「ナイスショー!」と声を張り上げ、同伴者の気分を盛り上げる社交家。しかし自分の番になると、ドライバーが右に高く吹き上がり、思ったよりランが出ないフェード高弾道。同伴者がセカンドで7番アイアンを構える中、自分はフェアウェイウッドかユーティリティを握り、残り200y以上を前にため息をつく。

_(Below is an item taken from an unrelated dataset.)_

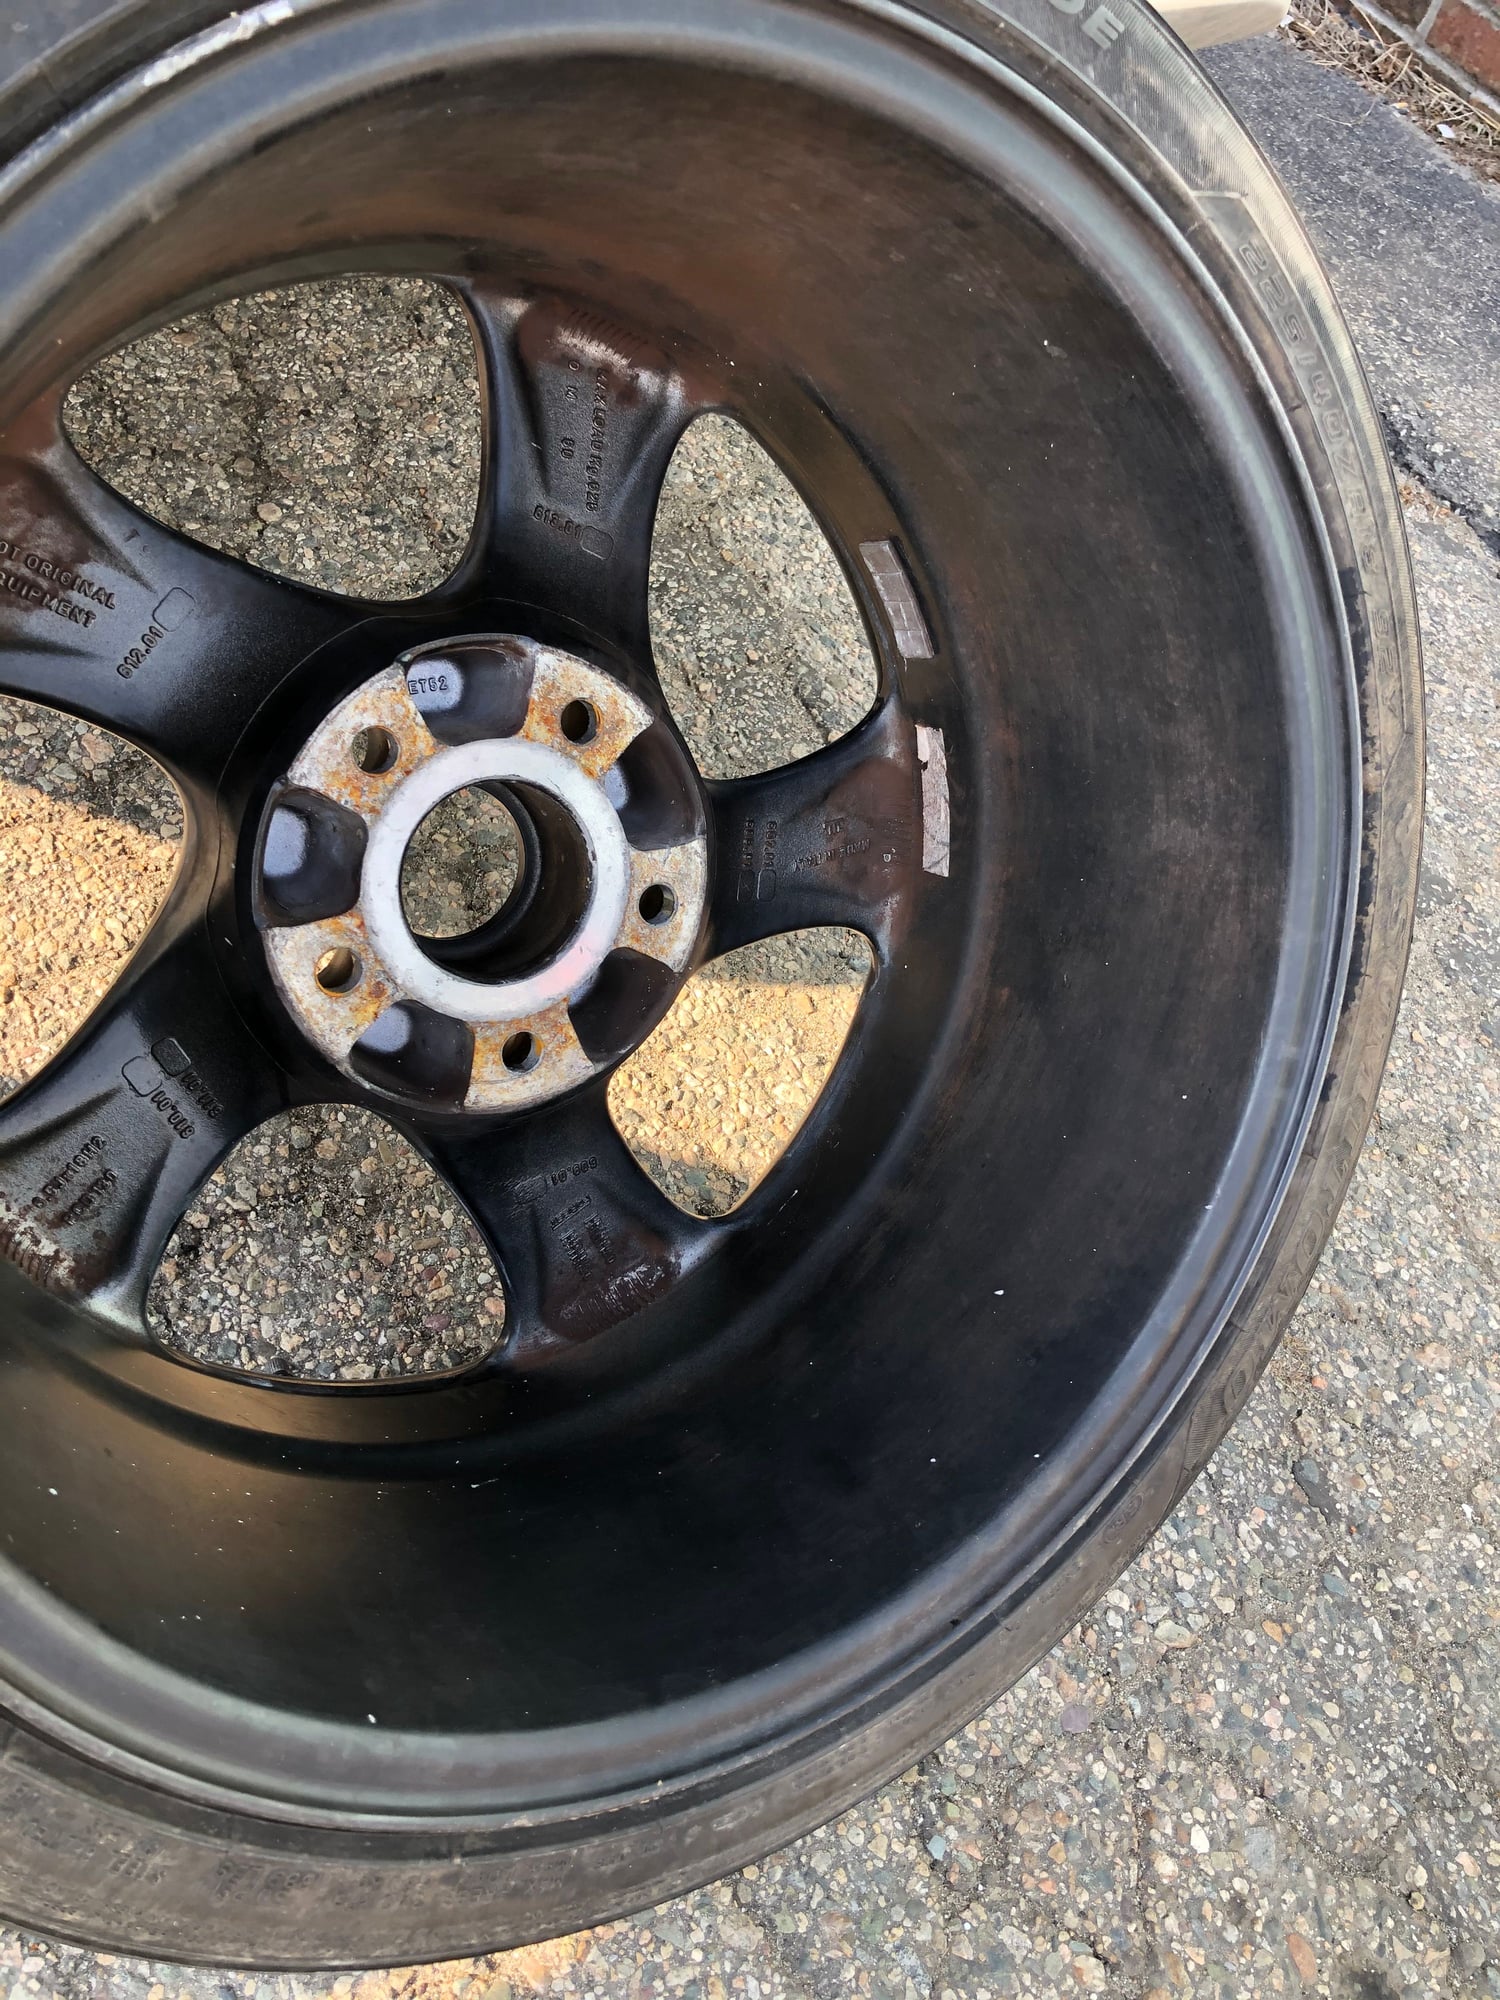 Wheels and Tires/Axles - 18" Rims 8.5 x 18 and 10 x 18 - Used - All Years Porsche All Models - Swansea, MA 02777, United States

「あれ、今打ったの?」と誰にも見られず右ラフへ消えていく球筋に、モチベーションが急降下する瞬間が何度もあるはずだ。
このフェード高弾道は、アウトサイドインの軌道に加えて、インパクトでロフトが寝てフェースが開く「スライス 直し方」を検索する原因そのもの。ヘッドスピードが32-36m/sの領域では、クラブが短くなるほどこの傾向が顕著に出る。特にウェッジでアプローチする際、フェースが開きすぎて「吹き上がる」球になり、距離感が定まらない。

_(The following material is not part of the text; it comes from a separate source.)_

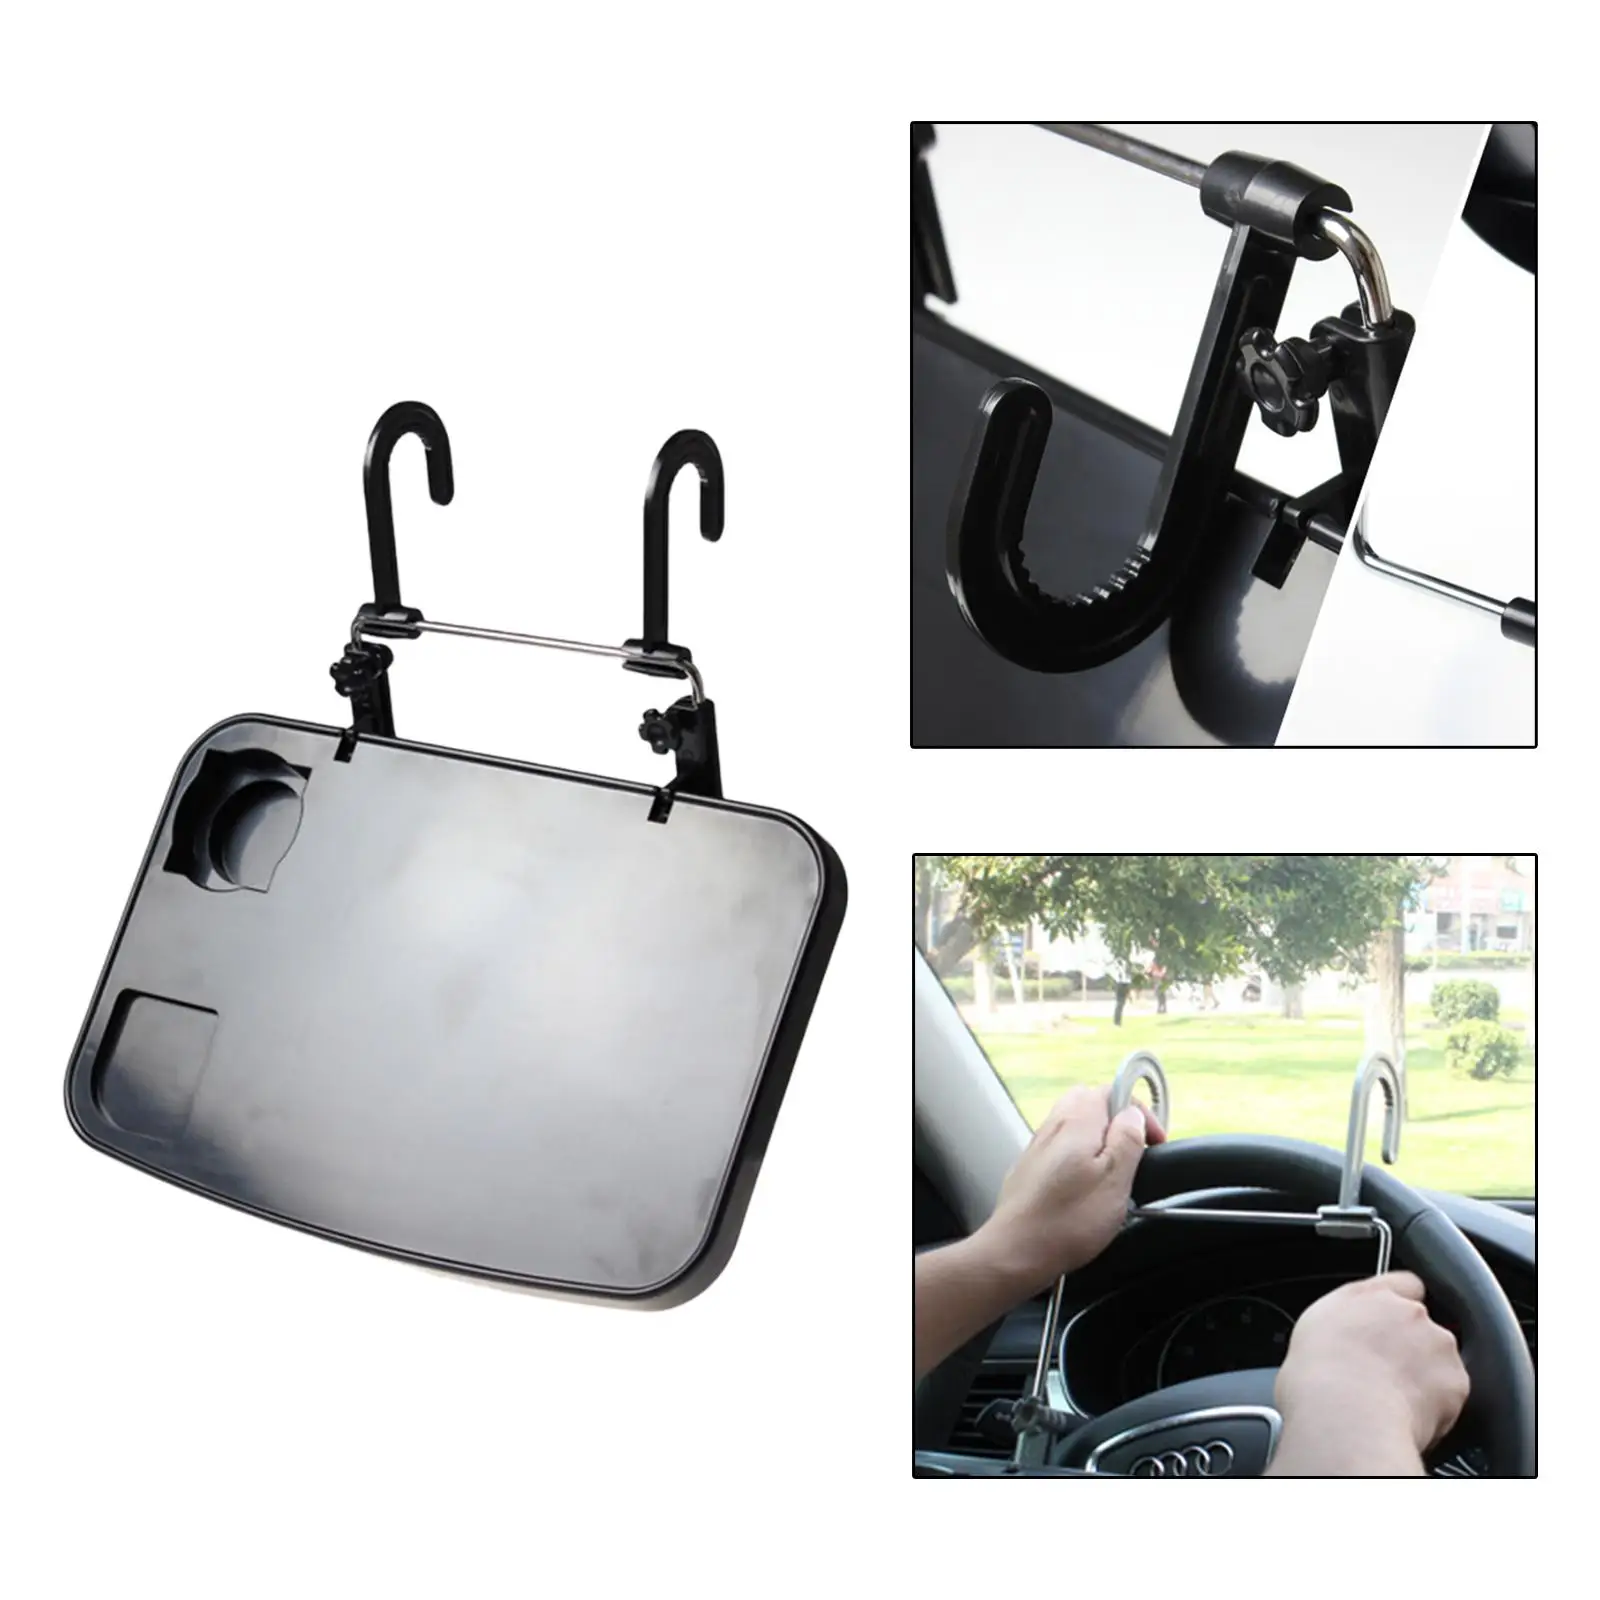 Car Computer Rack Cup Holder Backseat Tray Food   for Tablet

「他人からどう見られているか」を気にする社交家は、飛距離不足を無理な力みでカバーしようとしがちだ。その結果、一層アウトサイドインが強まり、フェードがさらに「右プッシュ」になり、ますます「ランが出ない」高弾道でグリーンに乗らない。ナイスショットが見られない焦りが、グリーン周りでも強引なパースタンスを狙わせ、3パット、4パットの悪循環を招く。
だが、この飛距離帯の社交家にとって、グリーン周りの精密さが真の「見せ場」となる。短い距離を確実に寄せ、パットを沈めることで、同伴者に「うまい!」と言わせる快感は格別だ。高弾道のフェードでも、グリーン周りではその特性を活かした柔らかい球で寄せる戦略を練る。